* **Instructions to follow**
When writing out the entries below, keep only the lines from the line with "フリープラス FREEPLUS フリープラス" to the line with "HK-3972 - Dornier", both included, exactly as they are, and leave the pictures aside.

* **Record excerpts**
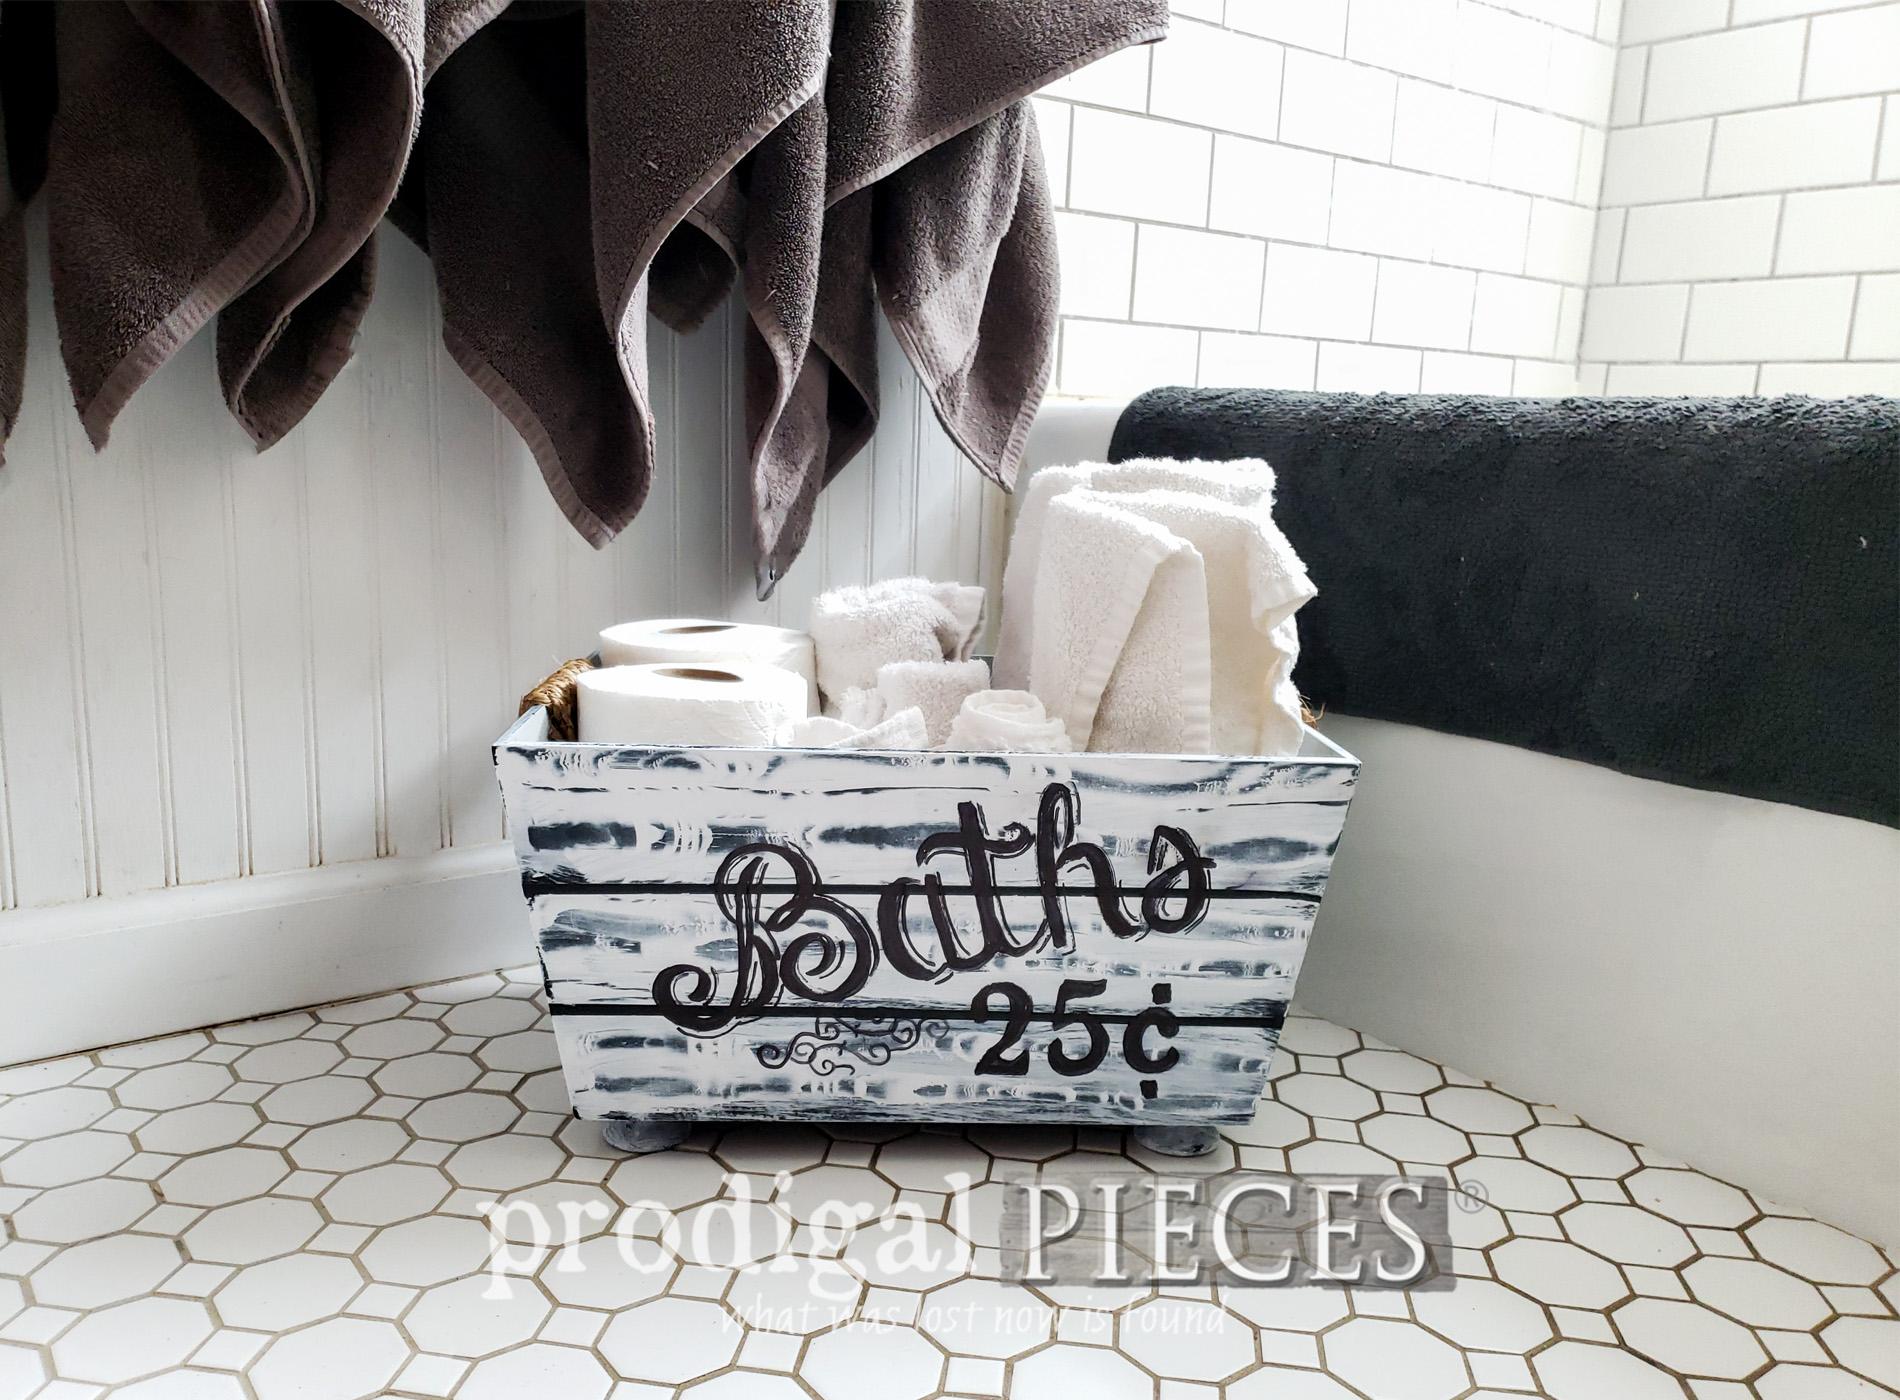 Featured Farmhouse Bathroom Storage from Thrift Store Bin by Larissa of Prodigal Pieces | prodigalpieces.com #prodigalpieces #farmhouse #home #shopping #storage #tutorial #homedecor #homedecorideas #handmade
...
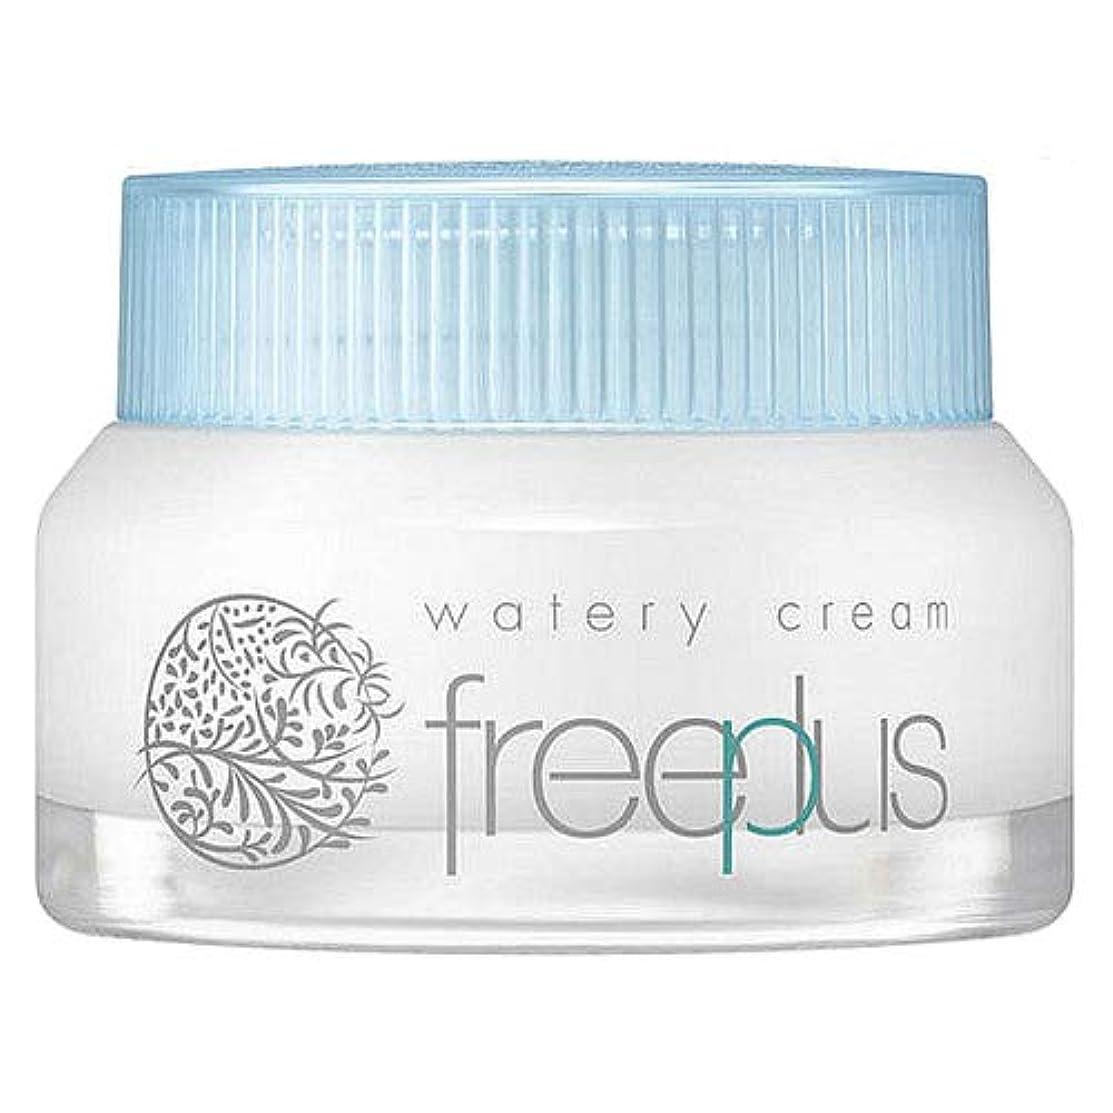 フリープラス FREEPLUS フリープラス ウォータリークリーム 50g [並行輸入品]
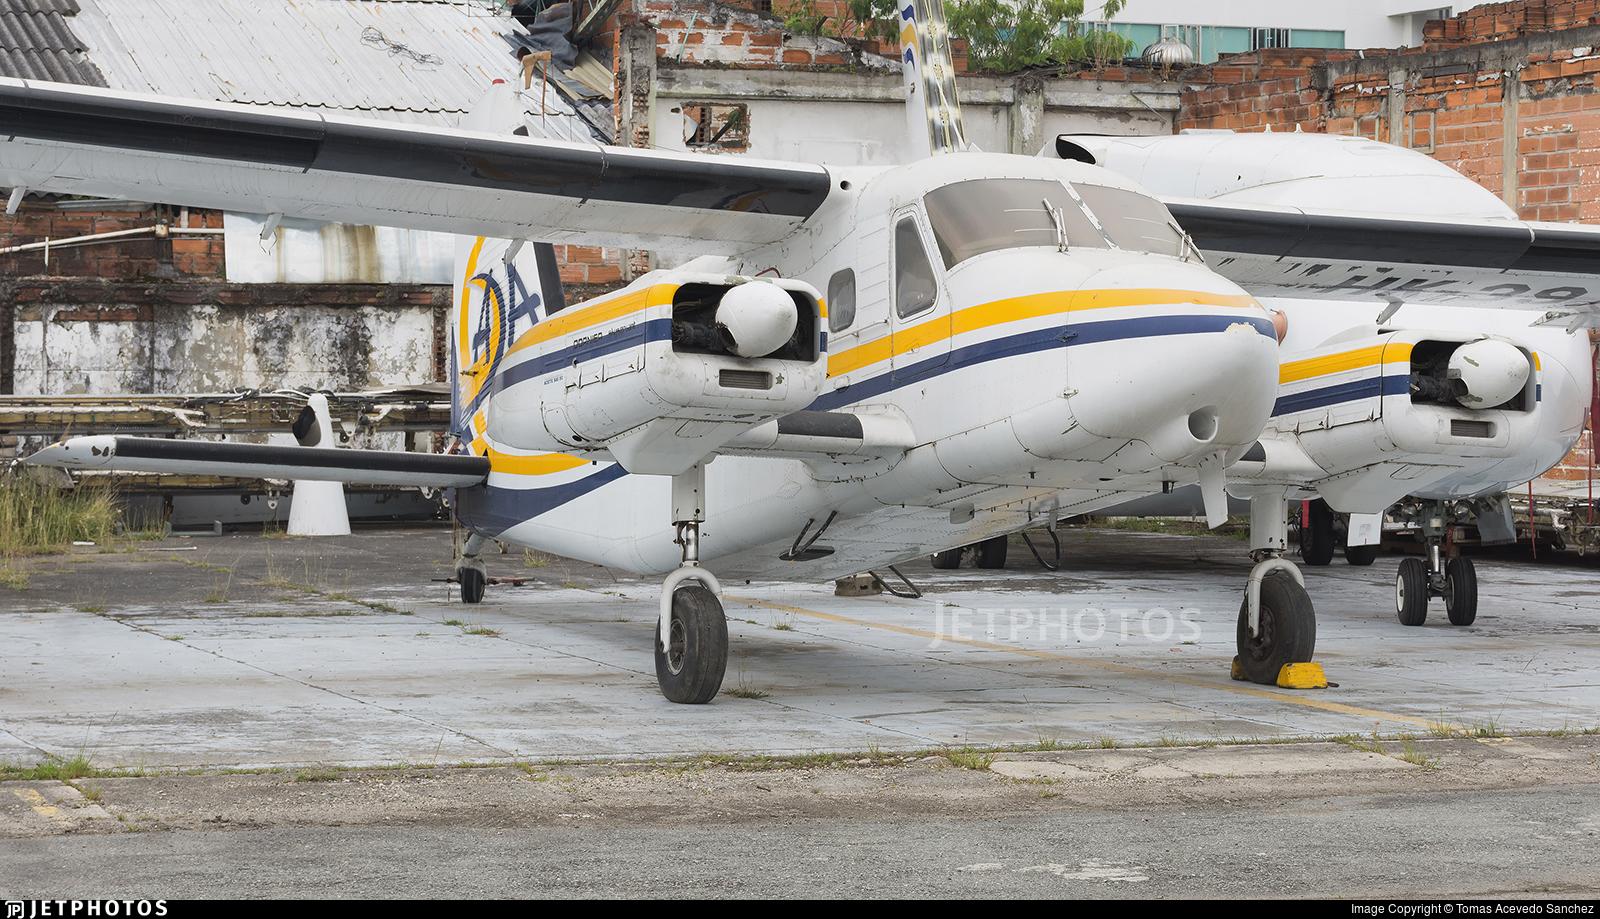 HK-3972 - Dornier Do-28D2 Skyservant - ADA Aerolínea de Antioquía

* **Answer section**
 フリープラス FREEPLUS フリープラス ウォータリークリーム 50g [並行輸入品]
 HK-3972 - Dornier Do-28D2 Skyservant - ADA Aerolínea de Antioquía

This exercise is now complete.